1. a kind of image data automation auxiliary mask method, which is characterized in that comprise the steps of:

A, image data is acquired；

B, large-scale dataset and small lot data set are splitted data into；

The initial automatic marking data that step E is obtained manually are finely tuned, extensive complete labeled data collection is obtained.

2. a kind of image data automation auxiliary mask method according to claim 1, which is characterized in that the step A It is realized by camera.

3. a kind of image data automation auxiliary mask method according to claim 1, which is characterized in that using artificial mark The data of note are more than the data using 3D rendering mark.

4. a kind of image data automation auxiliary mask method according to claim 1, which is characterized in that the step E Specifically: artificial labeled data and 3D the rendering labeled data of small lot being constituted into a small training set together, then used The training set carrys out training pattern and carries out automatic marking to high-volume data.

5. a kind of image data automation auxiliary mask method according to claim 1, which is characterized in that the mark mould Type is the neural network model of low complex degree.

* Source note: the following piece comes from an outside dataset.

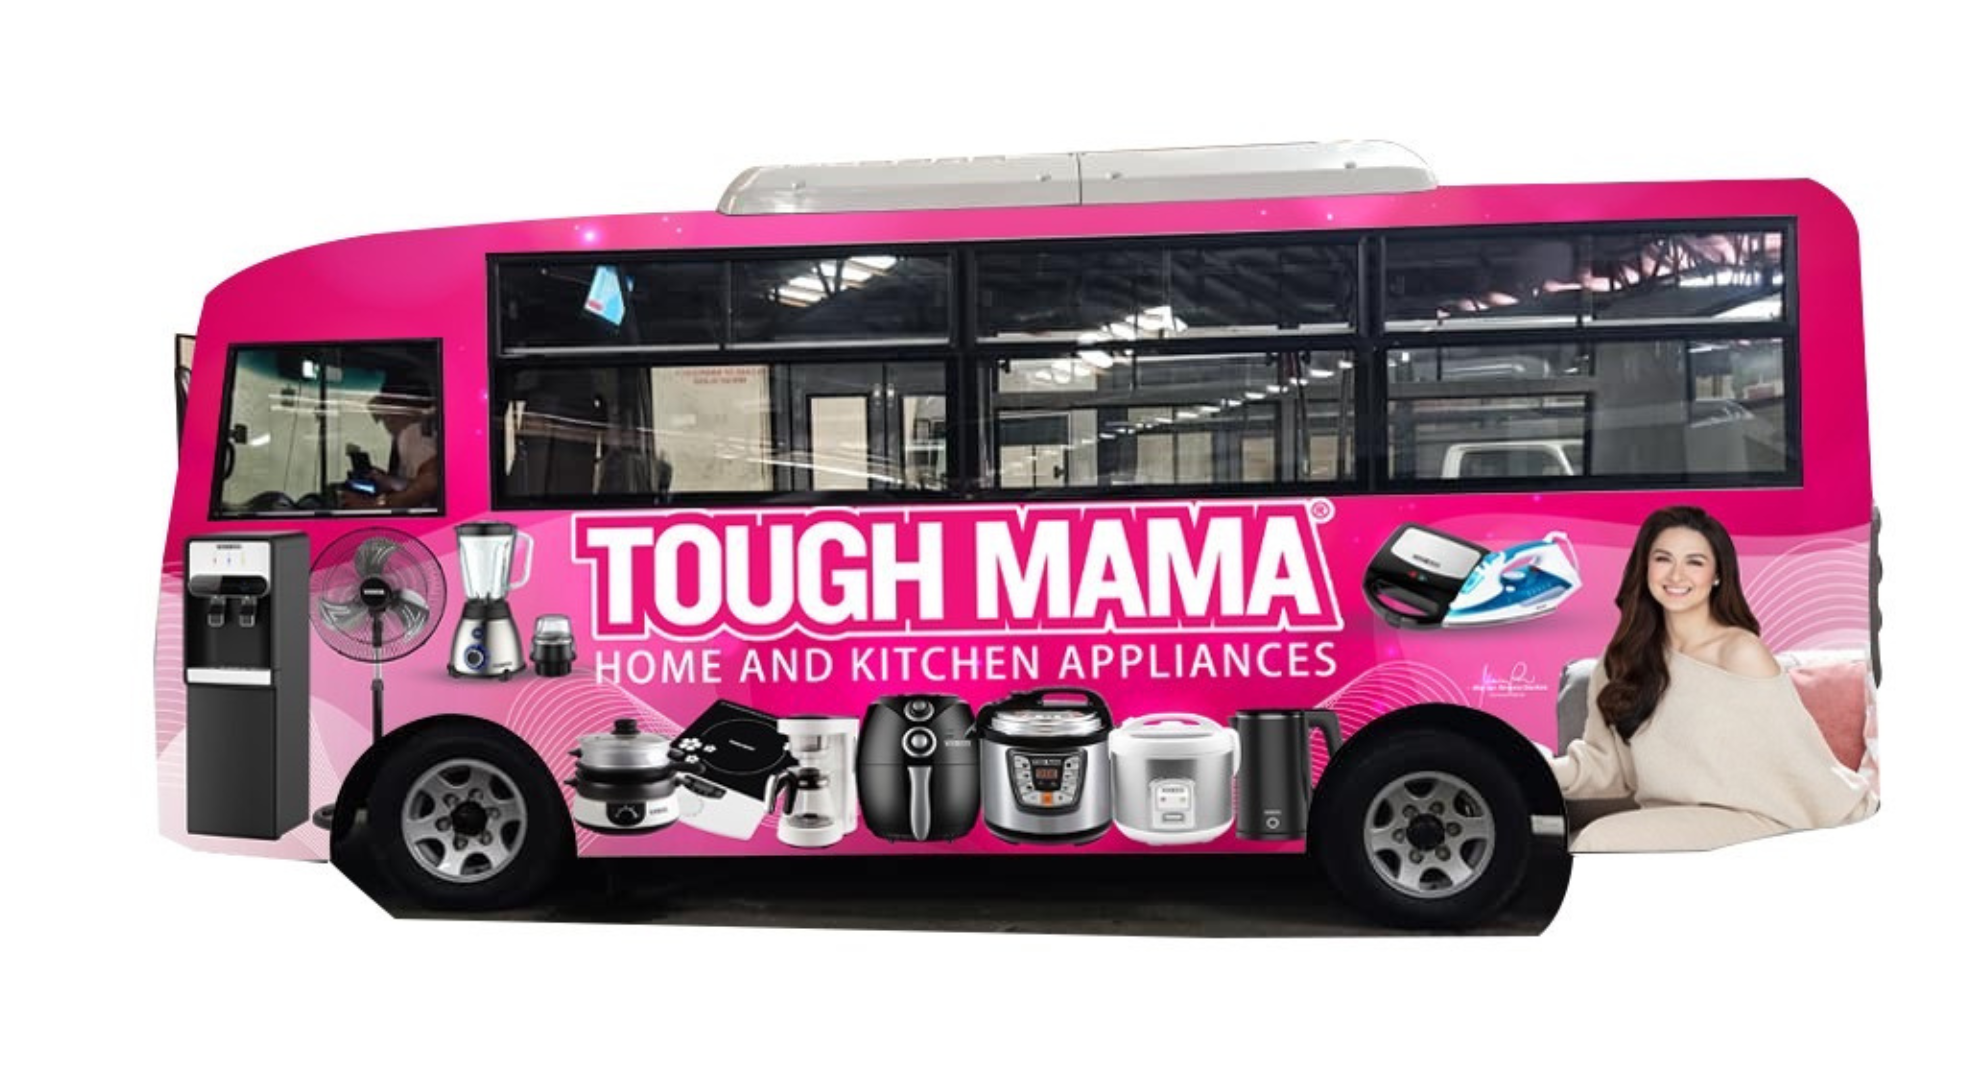 Tough Mama Appliances launches ‘Libreng Sakay’ initiative to celebrate women and empower communities this June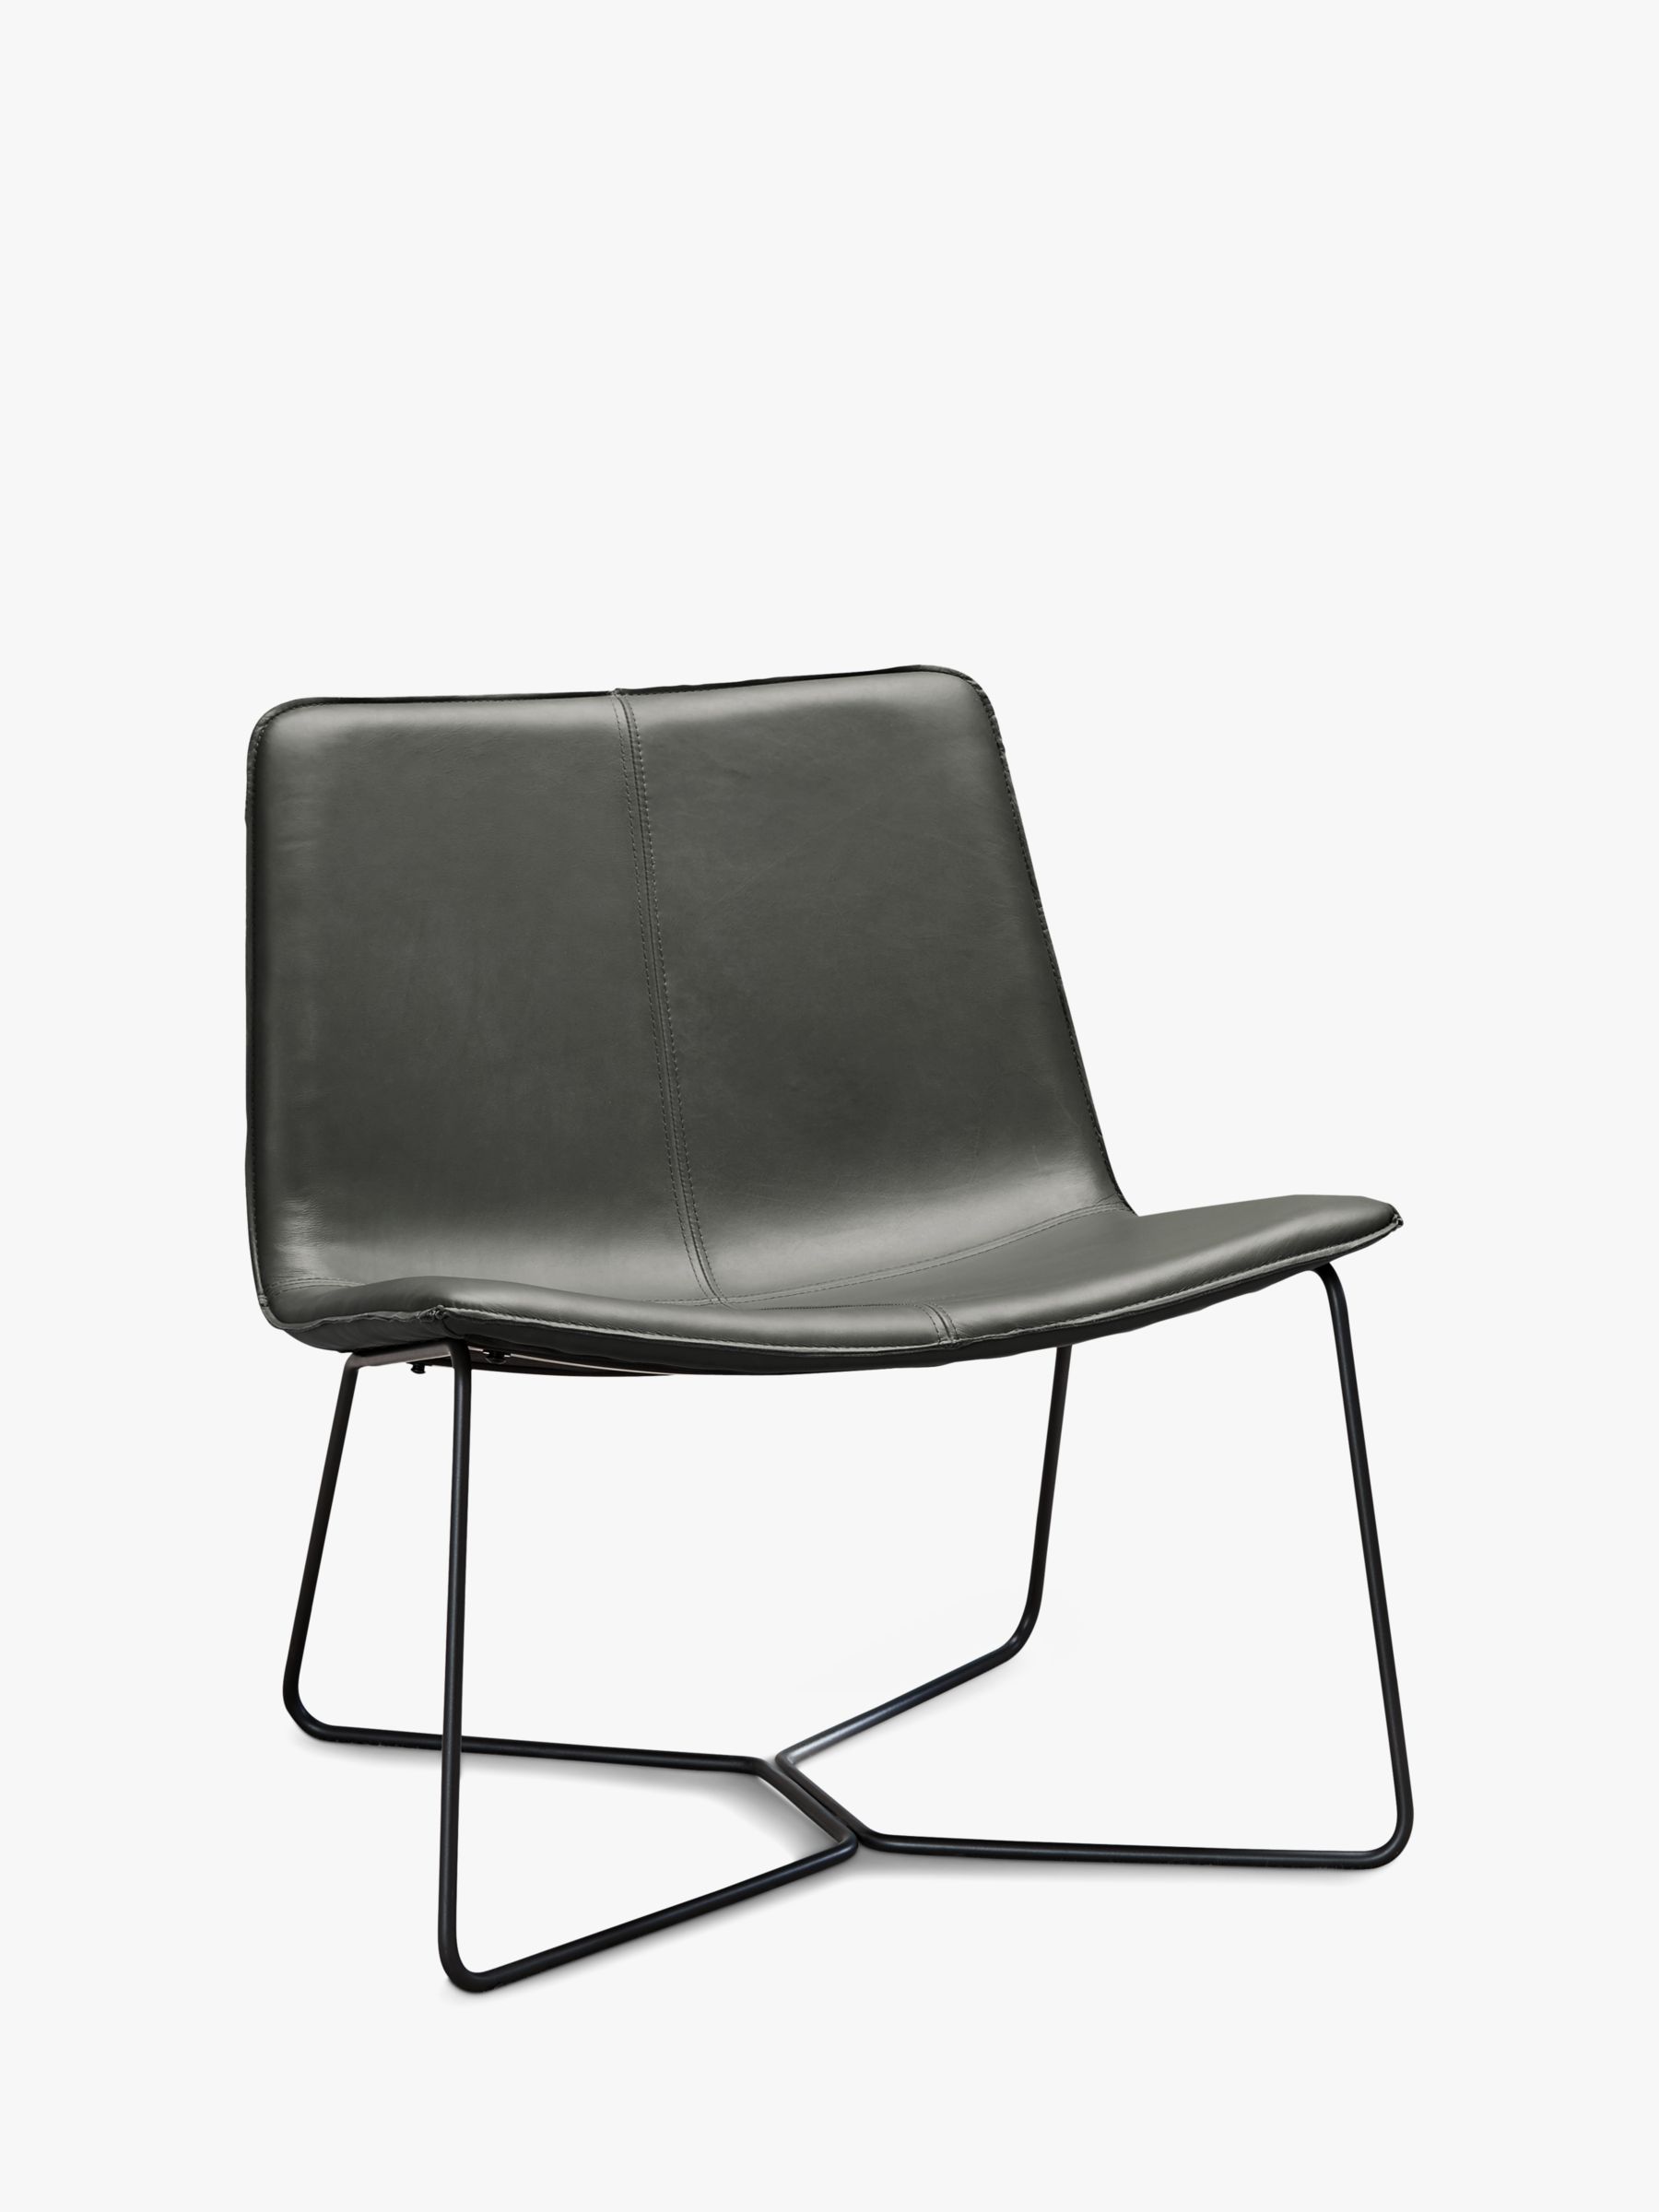 west elm Slope Lounge Chair, Fog Leather at John Lewis & Partners

6. a kind of image data automation auxiliary mask method according to claim 1, which is characterized in that the mark mould Type is the network model in actual items.

7. a kind of image data automation auxiliary mask method according to claim 1 to 4, which is characterized in that 3D wash with watercolours Contaminate labeled data need in advance to commodity carry out 3D modeling, clearly mark rule after using program to 3D render labeled data into Row automatic marking.